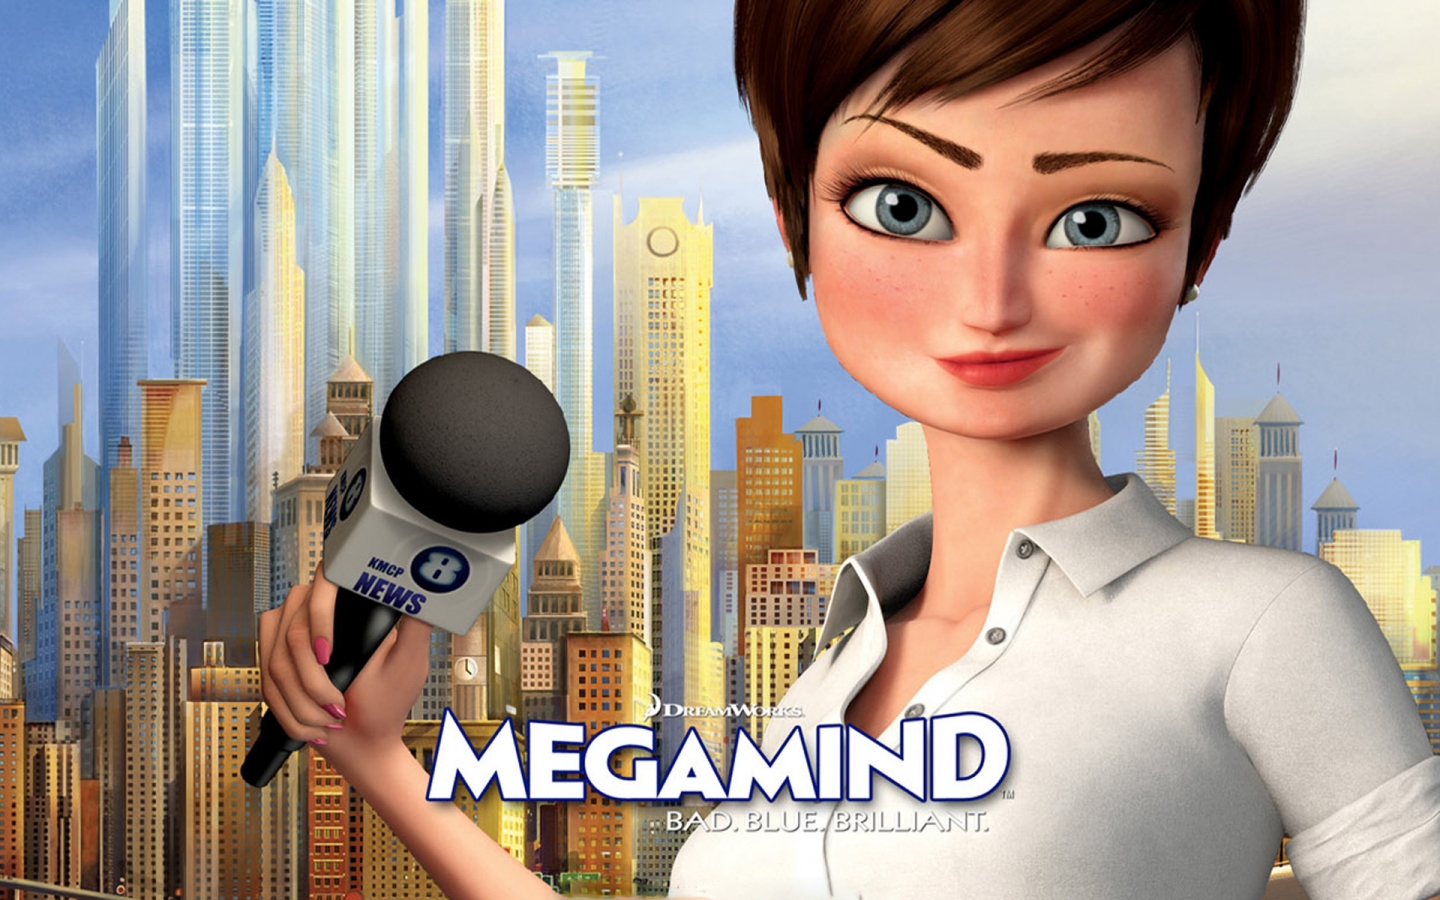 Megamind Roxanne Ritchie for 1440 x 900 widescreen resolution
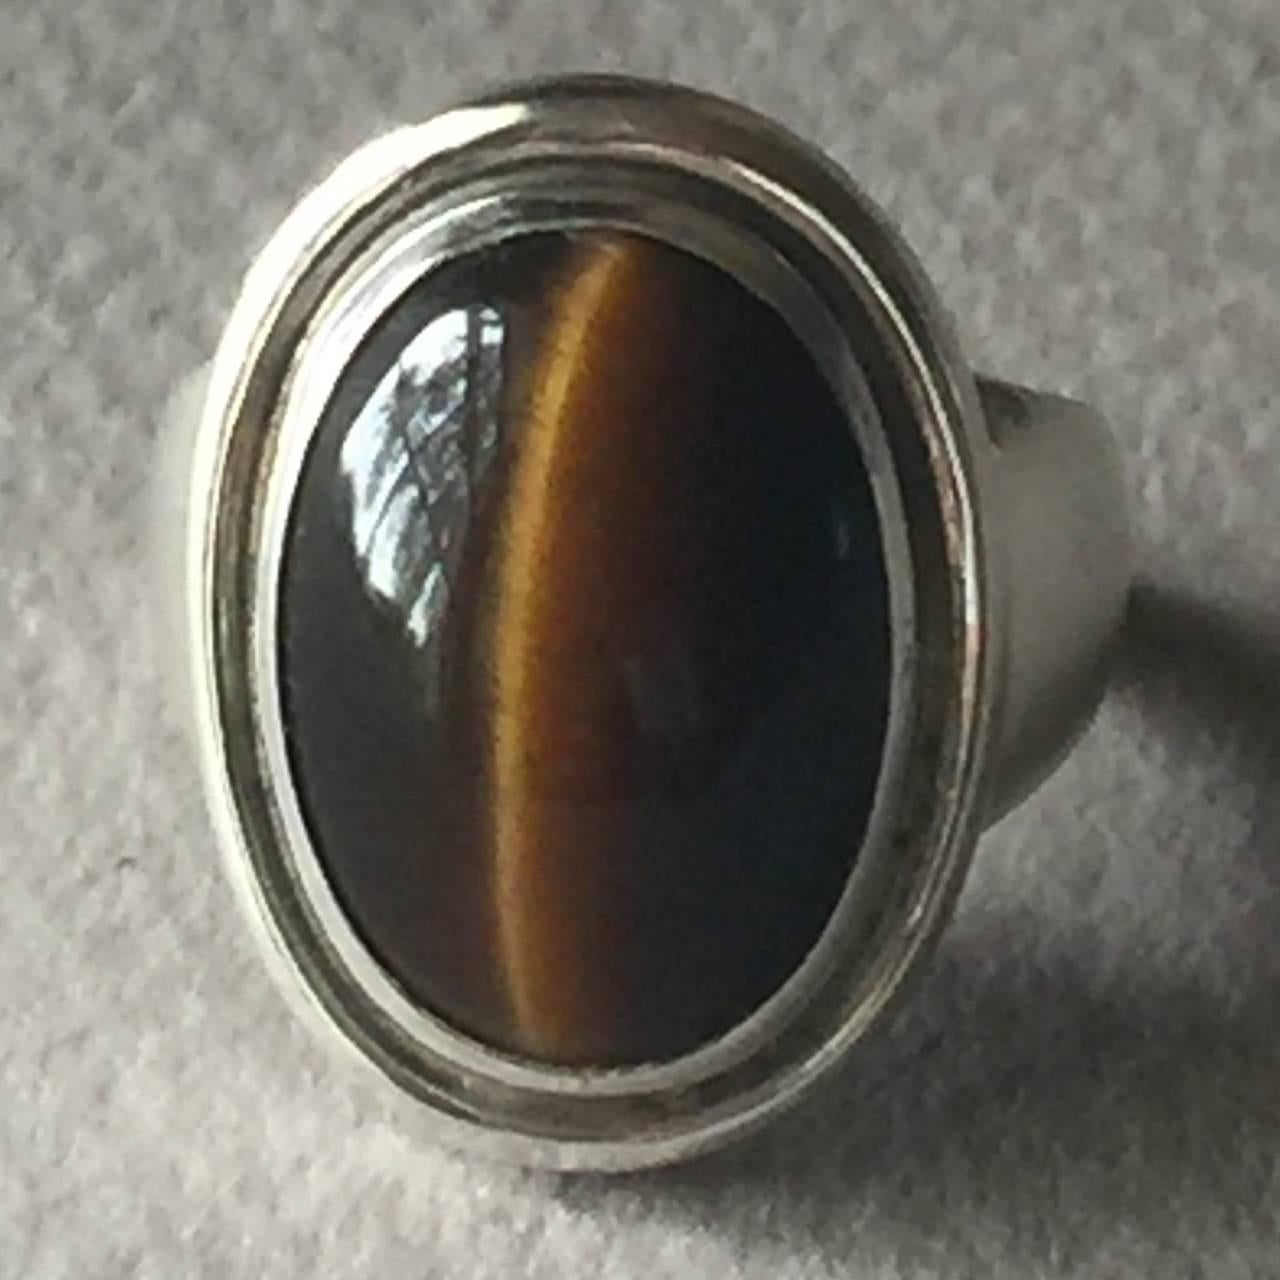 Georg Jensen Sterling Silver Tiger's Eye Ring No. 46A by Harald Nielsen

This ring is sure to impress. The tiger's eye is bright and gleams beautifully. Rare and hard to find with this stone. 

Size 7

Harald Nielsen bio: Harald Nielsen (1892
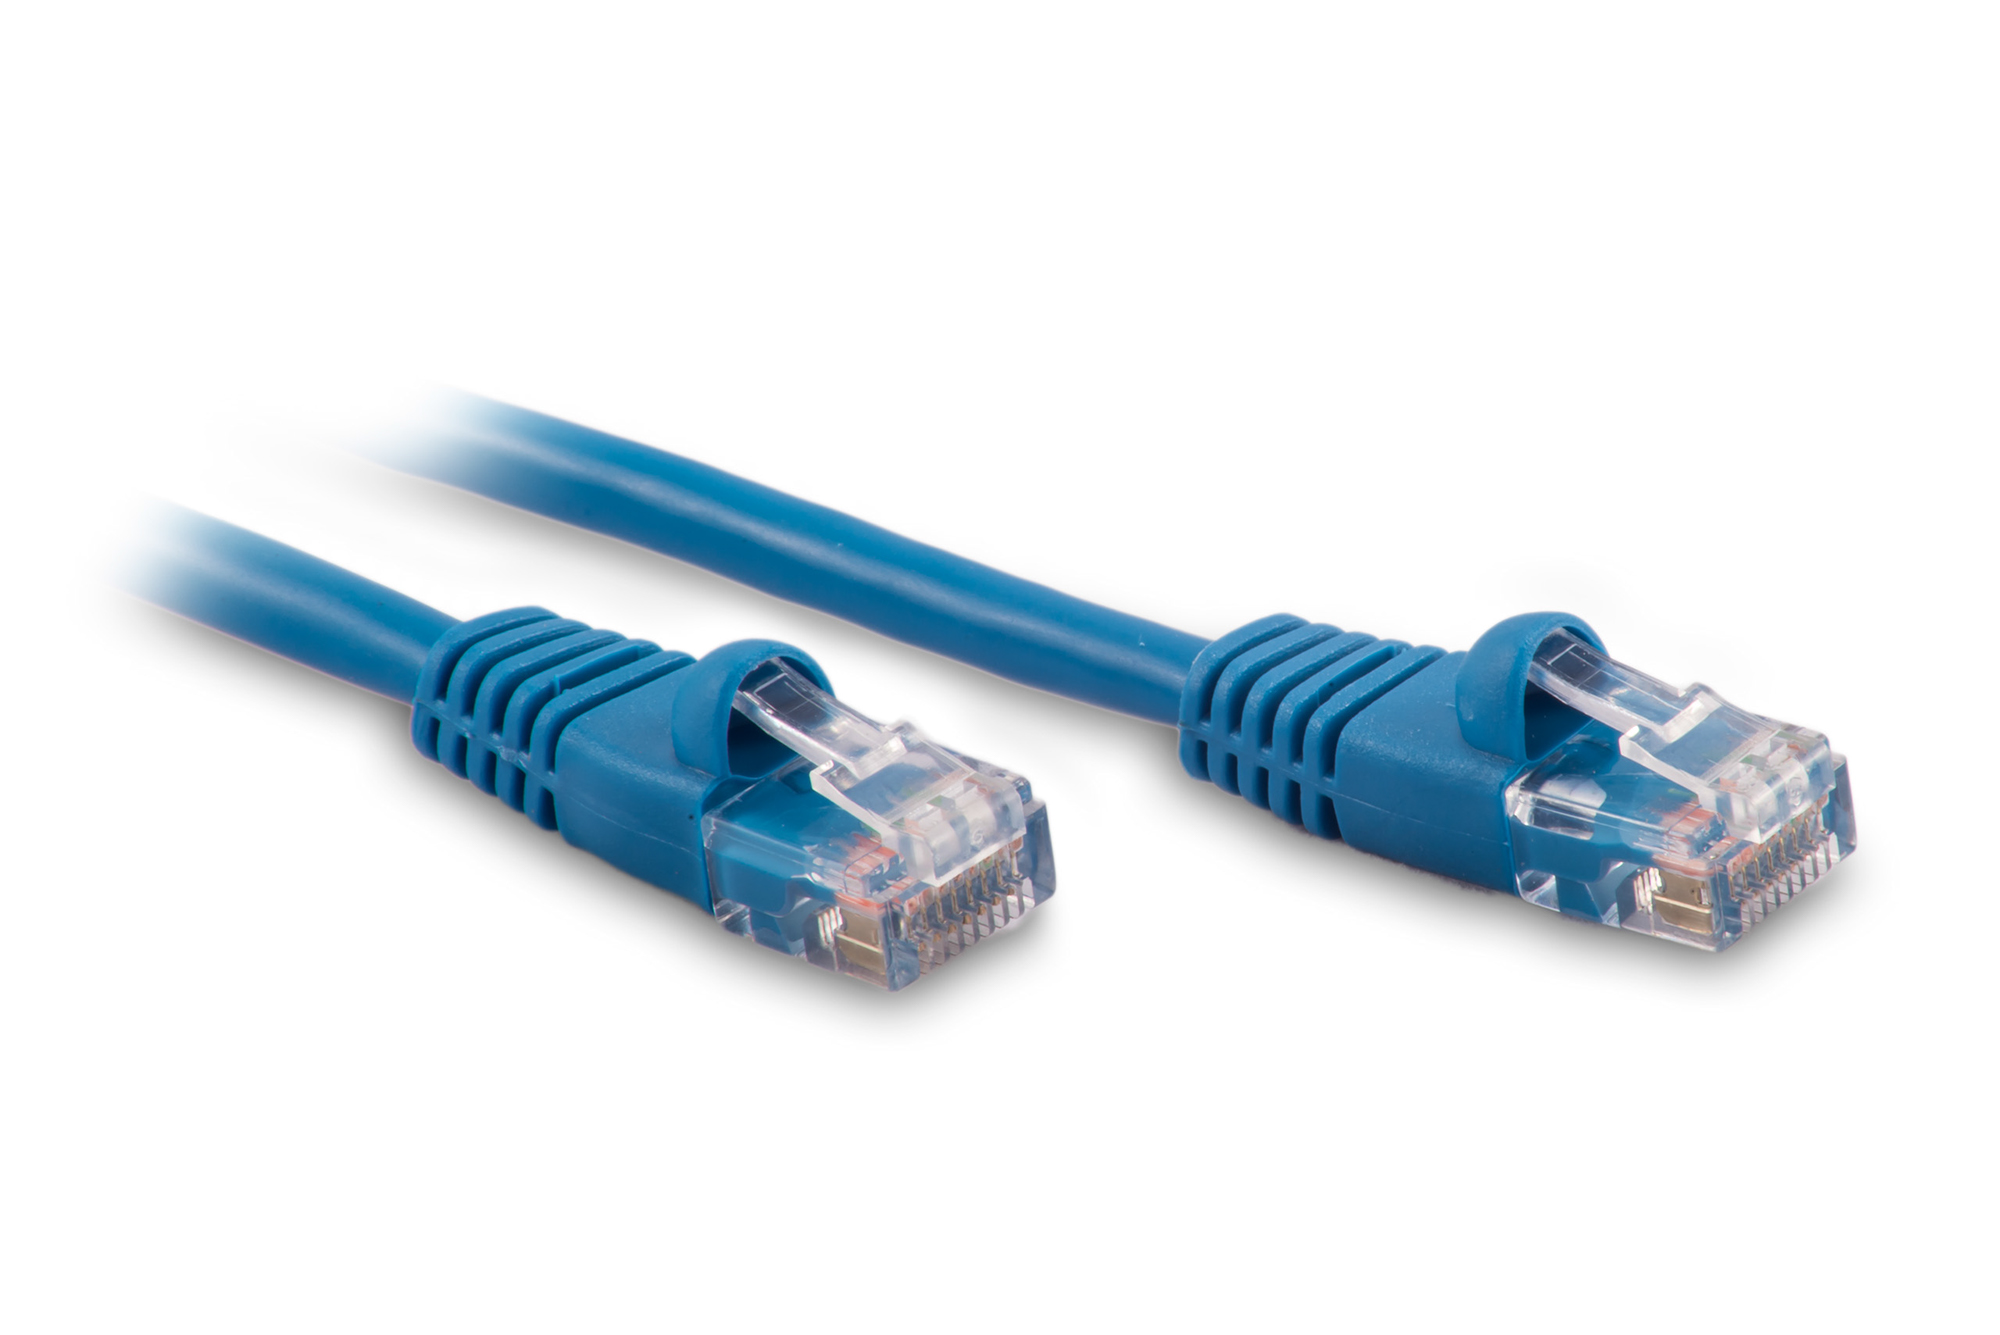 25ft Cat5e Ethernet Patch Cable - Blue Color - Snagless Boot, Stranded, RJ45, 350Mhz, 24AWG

------------------------------------------------------------

[AIM OF THE TASK]:
From the material above, give again exactly the lines from the one that contains "Georg Jensen Sterling" through the one that contains "Harald Nielsen bio: Harald Nielsen (1892", and leave out the pictures.

[EXPECTED ANSWER]:
 Georg Jensen Sterling Silver Tiger's Eye Ring No. 46A by Harald Nielsen

This ring is sure to impress. The tiger's eye is bright and gleams beautifully. Rare and hard to find with this stone. 

Size 7

Harald Nielsen bio: Harald Nielsen (1892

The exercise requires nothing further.